Critter Collaborators

All bacterial art presents its creators with a curious problem: The creation on their canvas is constantly changing. Because microbial paint is alive, artwork matures within a day or two and then begins to decompose. To many artists, bacterial death is part of their creation. Geneticist and bio-artist Hunter Cole, of Loyola University in Chicago, takes time-lapse photographs of her microbial art, which uses bioluminescent bacteria, as each piece grows, ages, and dies. For one piece, Cole displayed the time-lapse photos as a movie set to music based on the protein sequence of the lux gene, which makes the protein responsible for bioluminescence.

In one of her Living Drawings series, Cole painted a rabbit and rooster together on a Petri plate. As the bacteria died in different patterns, the rooster appeared to turn into a wolf. “It’s almost like a Grimm fairy tale,” says Cole. “Even if I created the exact same drawing again it might not die off in the same way.”

To Cole and other microbe artists, the unpredictability of their paints is part of the process. Park relies, for example, on swarming to create patterns.

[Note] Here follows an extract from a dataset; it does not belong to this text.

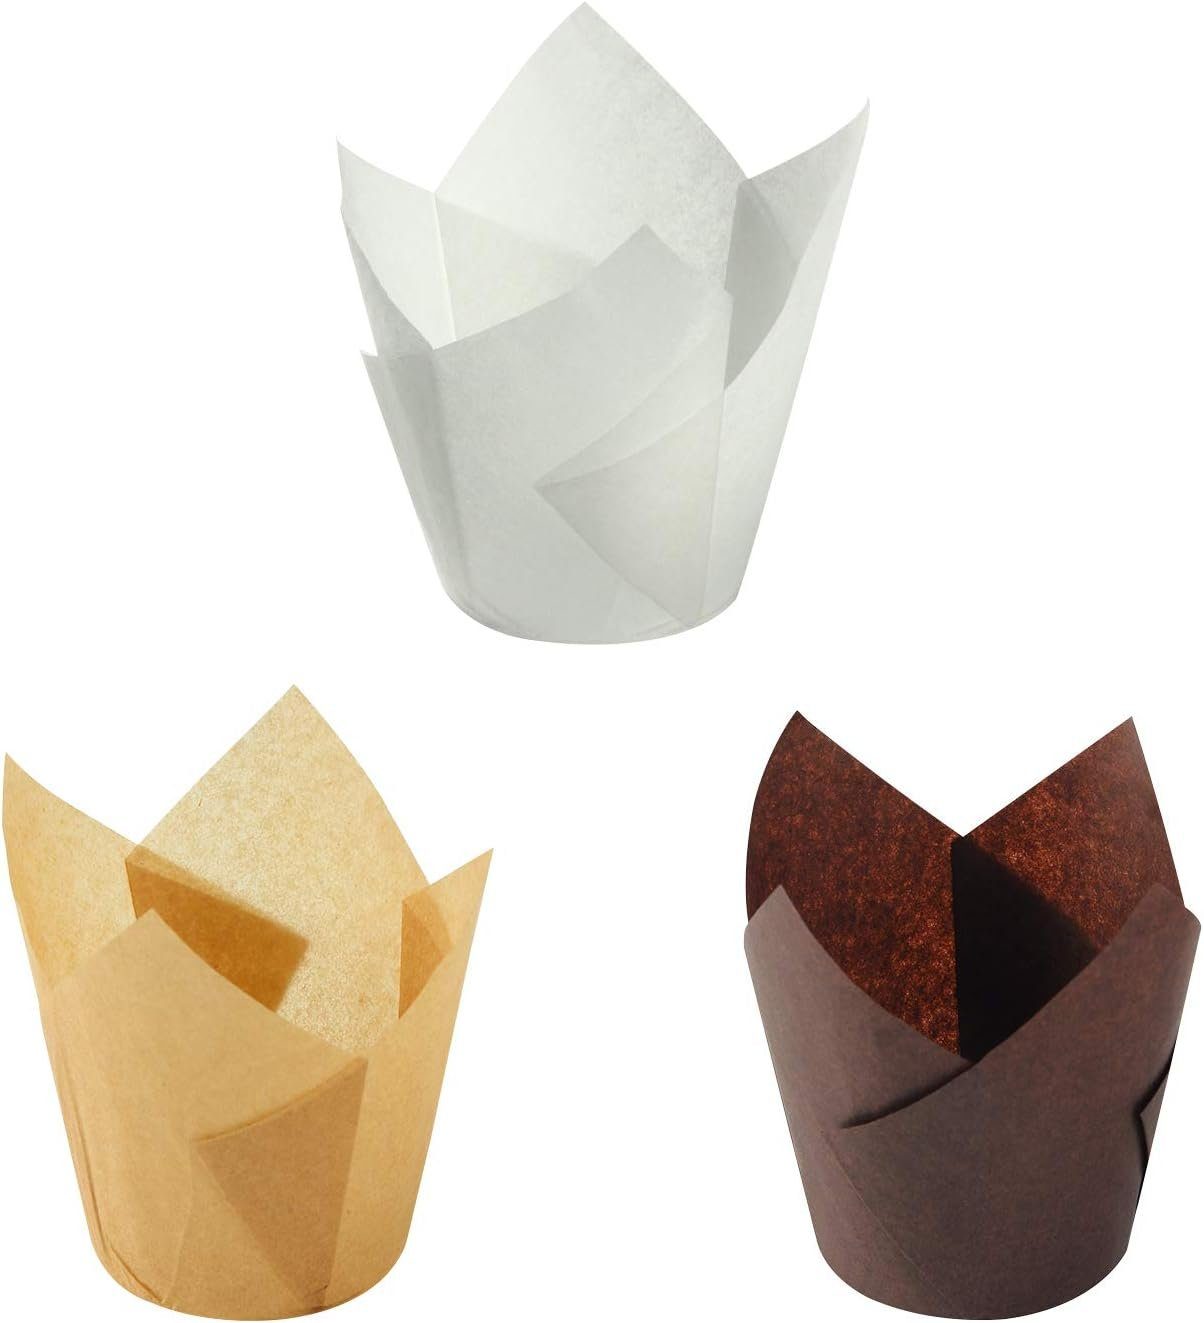 Jormftte Backform Backförmchen Tulpen Muffinform Papier Cupcake Liner für Hochzeit Party Dunkler Kaffee,heller Kaffee,Weiß | Kuchenformen

The bright red bacterium Serratia marescens is highly motile and swarms quickly through any painting.

Such phenomena “take the work away from being truly produced only by an artist, and represent invisible events taking place in the microscopic world,” Park says. “The microbes are my collaborators in the art. You can’t really say that about most media.”

Colorful Learning

Some of these artists and their colorful collaborators have started to go on display in museums. In one recent exhibit in Baltimore, titled Culture as Medium, curator Margaret MacDonald, who's in the Master’s program at the Maryland Institute College of Art and already holds a doctorate in chemistry, combined the aesthetics of an art show with the interactivity of a public outreach event. Artists at the exhibit showcased pieces, such as the 1000 Handshakes project, where François-Joseph Lapointe, Professor of Biology at the University of Montreal, shook hands with people in public markets or tourist spots and then cultured the changing microbiome of his palms.

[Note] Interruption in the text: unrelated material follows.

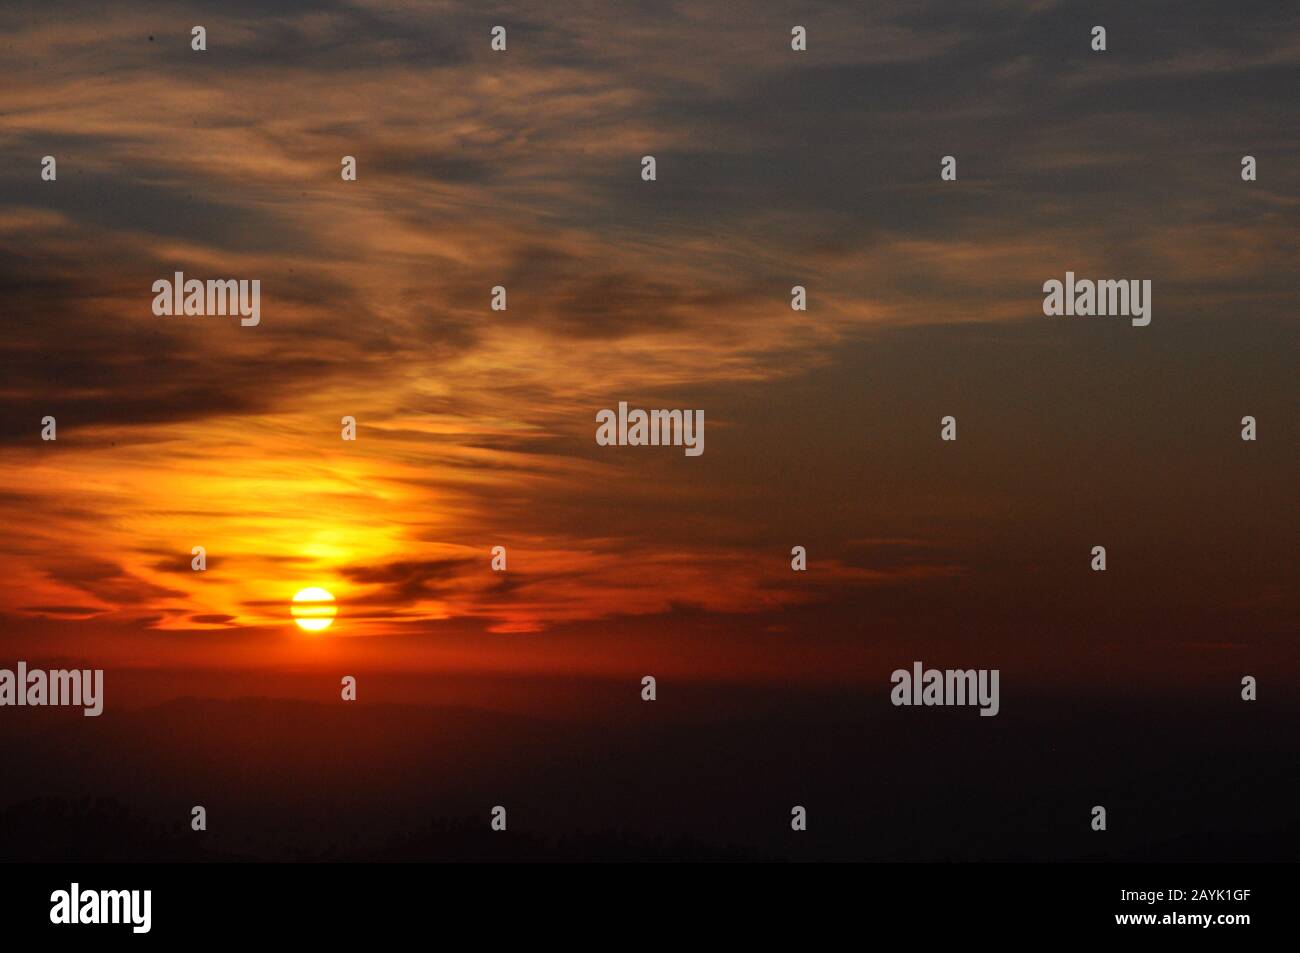 Bel tramonto cielo sfondo con nuvole nascondere sole Foto Stock

To MacDonald, exhibits such as this are a means for artists, scientists, and their audiences to place advances in microbiome research in the context of their own lives. “We’re at a moment where, because research on the microbiome is expanding, it’s a bit of the Wild West,” she says. “It’s really critical at this point to bring in some of these artistic considerations and ask questions about the big picture: What does it mean to be human now? How does this science fit into how we understand ourselves? Art is an opportunity to meditate on those concepts.”

As an artist and waitress, Peñil Cobo recalls her own revelation. She admits that she too was once repulsed by germs. But working long hours in the laboratory to produce art from microbes has changed her views on both science and art. Now she’s not shy about seeking out microbes for her art everywhere. For one recent piece, she began by kissing a Petri plate, then used isolates from her own lips to create a new painting. And she’s gained an appreciation for a more scientific approach. “Initially, Maria was very free-thinking and adventurous,” says Berkmen, who helped her learn how to work with microbes safely. “Now, when I come up with a suggestion for a new piece, she’ll first say we need to test it, and try some controls … she’s thinking more like a scientist.”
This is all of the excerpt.